Licenziare un dipendente, anche se si dimostra carte alla mano che lo si fa per giusta causa – spiega Amenta – è costosissimo perché la giustizia italiana riconosce sempre un risarcimento al lavoratore a prescindere dal motivo per cui si licenzia e i sindacati, che in altri stati hanno il prezioso compito di far collaborare azienda e lavoratori, in Italia pensano solo a difendere il lavoratore sempre e comunque”.
Uno scenario inusuale: “Immaginiamo per un attimo che le aziende che non sono in crisi fossero libere di licenziare chi vogliono: credo che ci sarebbero licenziamenti in massa di persone incompetenti, soprattutto over 50 che si sono adagiati sugli allori del posto fisso, e assunzioni di giovani che, se sono produttivi, nessun imprenditore avrà mai interesse a licenziare”.

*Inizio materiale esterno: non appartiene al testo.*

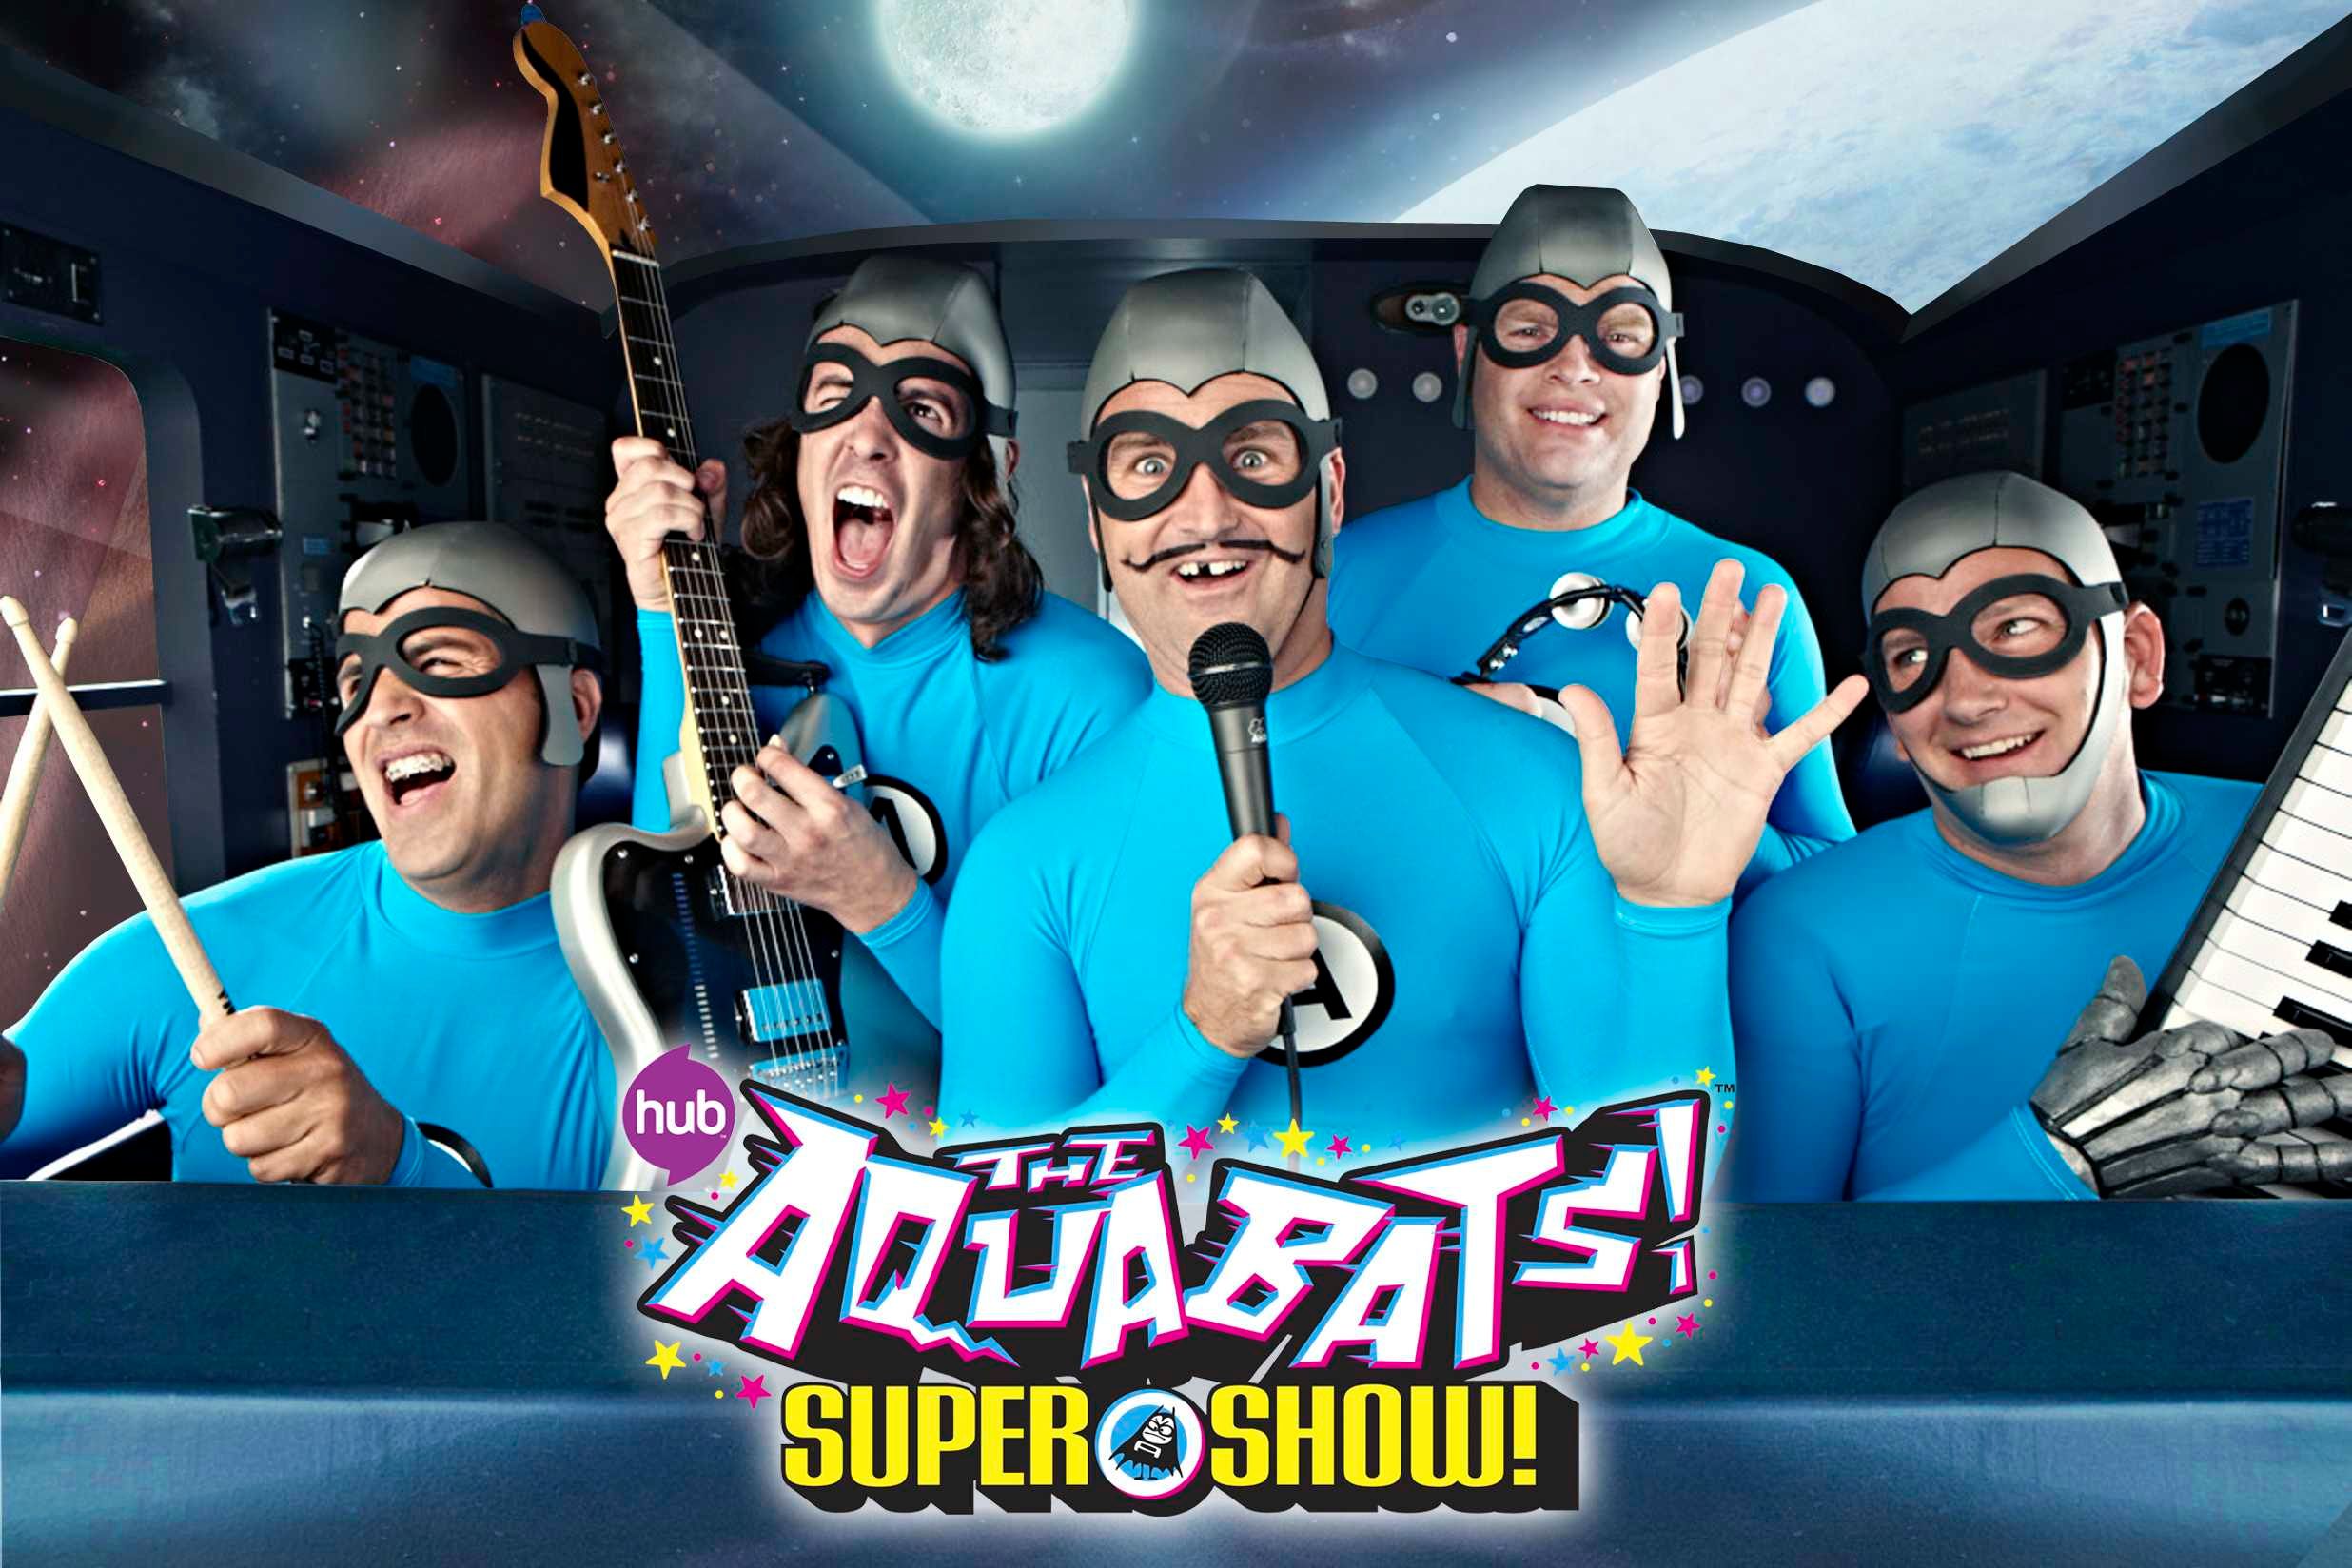 The Aquabats! Super Show! Promo #2

Altro problema noto è quello del costo del lavoro: “Nel mio mondo ideale nessun tipo di lavoratore dovrebbe essere retribuito meno 1500 euro al mese, ma ciò non è possibile perché del costo di un dipendente per un imprenditore, solo un terzo è rappresentato dallo stipendio netto, il resto è tasse. Ovviamente tali costi scoraggiano nuove assunzioni”.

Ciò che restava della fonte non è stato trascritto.